Stefan Eins, Eye-Extension, poster, 1975. Offset print, 23 ¼ x 33 in. Eins’ headdress with mirrors was an invention designed to expand our vision.
Curiosity, a sense of wonder, and the belief that anything can be art are the elements that helped make Stefan Eins into an innovative art figure in the 1970s. Born and raised in Austria, Eins came to NYC in 1967, and settled into a small storefront in Soho in 1972 when it was still a deserted manufacturing district. When art galleries began moving into the area, Eins hid his bed behind a screen, and turned his live-in studio into a D.I.Y. exhibition space. Deliberately avoiding the word “art,” Eins called the space The 3 Mercer Street Store, and exhibited low-priced works with popular appeal by himself and artist friends.
Eventually Eins abandoned the fabrication of objects in favor of ready-mades that he found in the hardware and gadget stores on nearby Canal Street. He was consistent in the things he chose to exhibit, equating the fields of science, magic, religion and art, and professing an almost naïve sense of mystery in how simple inventions could expand our powers. Among the first ready-mades he exhibited at the 3 Mercer Street Store were a crowbar and pulley. For Eins, the wonder of how this pair of primitive tools helped people move heavy objects was what transformed practical objects into art.
Eins’ openness and his firmly-held belief that anything can be art are also at the root of his most famous creative endeavor — the founding in 1978 of Fashion Moda, an art space in the South Bronx.
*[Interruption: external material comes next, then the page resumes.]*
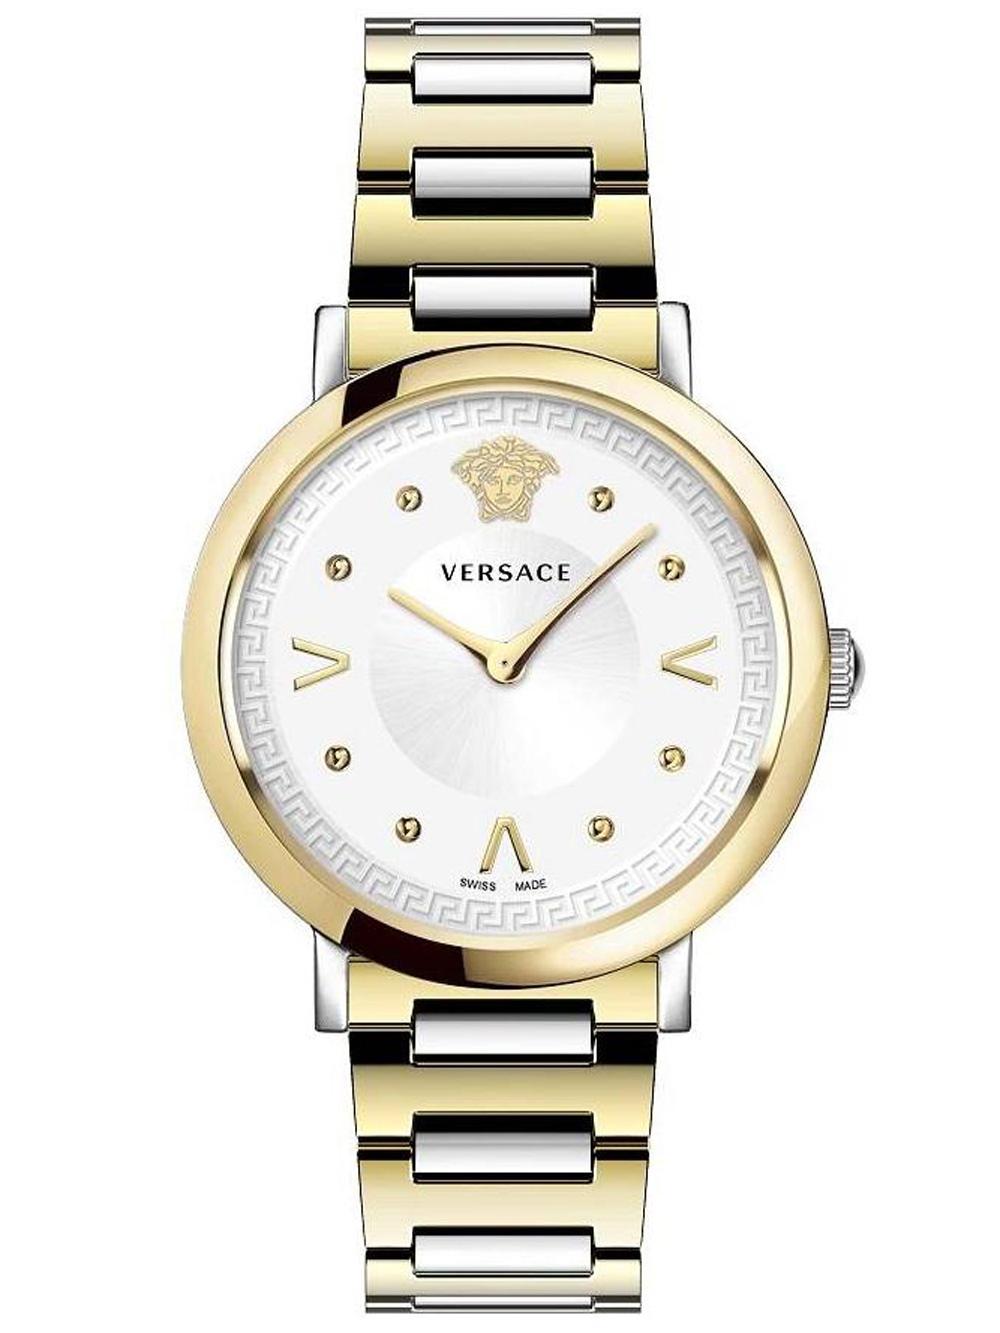 Uhren - Versace VEVD00519 Pop Chic Damen 36mm 5ATM  - Onlineshop Timeshop24
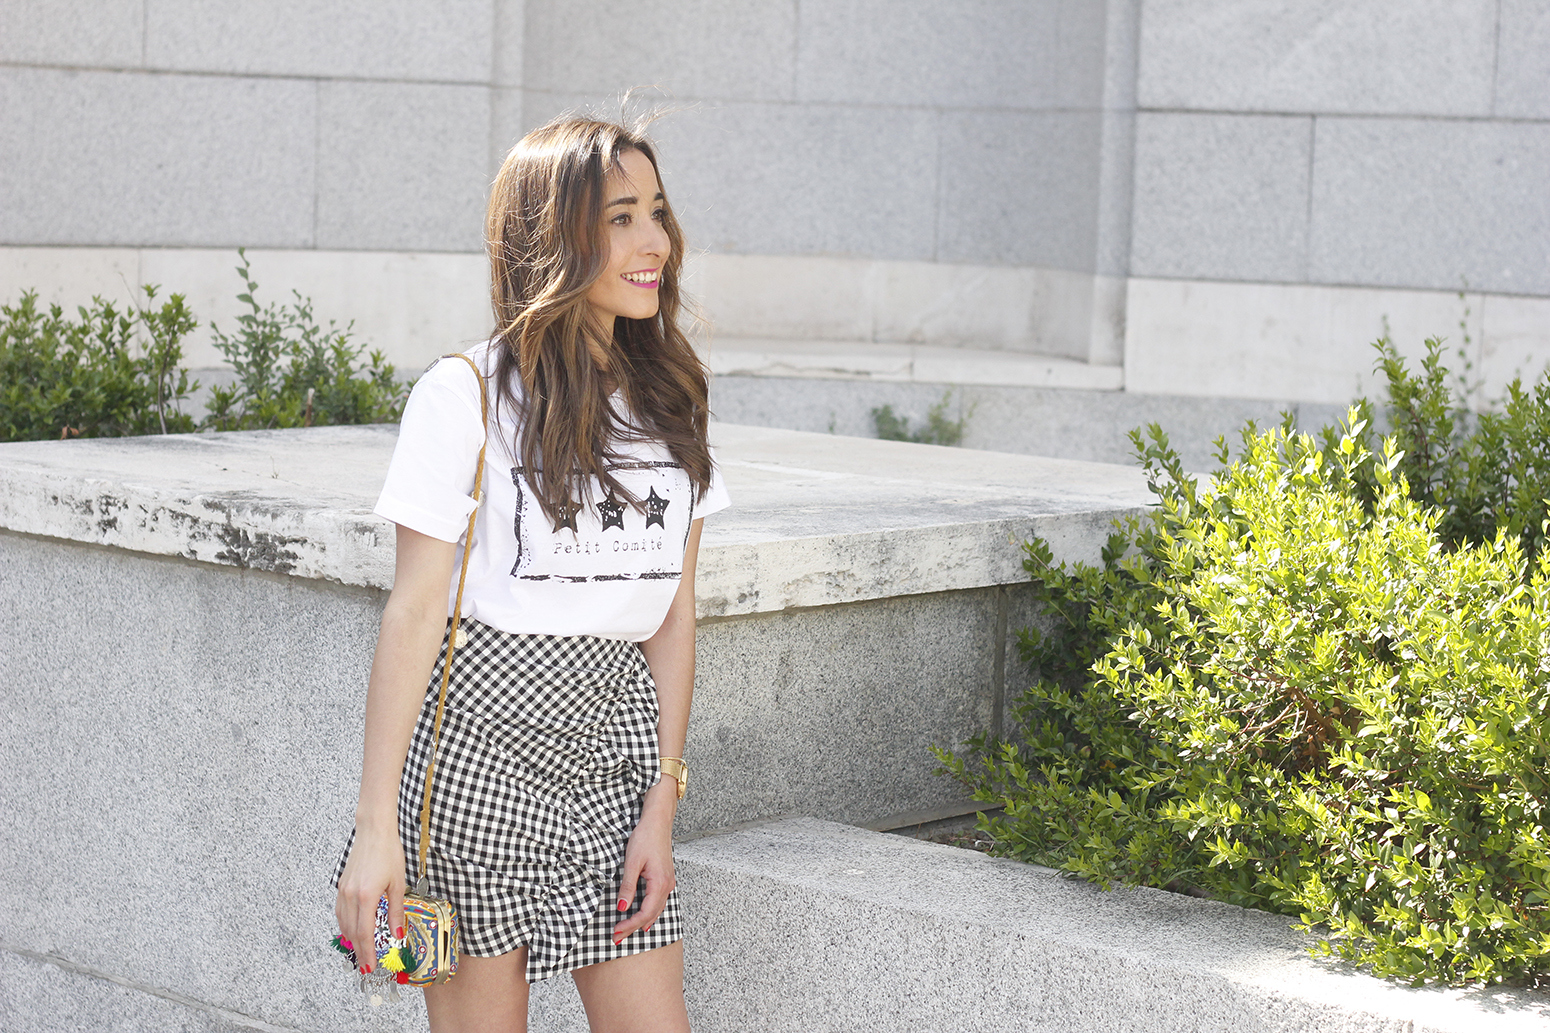 vichy skirt white t-shirt carolina herrera pink heels outfit style fashion summer09

Fashion Moda brought downtown artists to a totally different part of the city that inspired them to move in new creative directions, as well as opening the path for local “vernacular” creativity like graffiti to migrate into the art mainstream.
For more about Stefan Eins go to “Stefan Eins: The Enigma Behind 3 Mercer Street and Fashion Moda, 1970-80” at Gallery 98’s online exhibition.
Stefan Eins, Iron Crowbar, 1974.
Stefan Eins, Metal Pulley with Rope, 1974.
Eins demonstrates the power of the pulley and crowbar, photographs, 1974.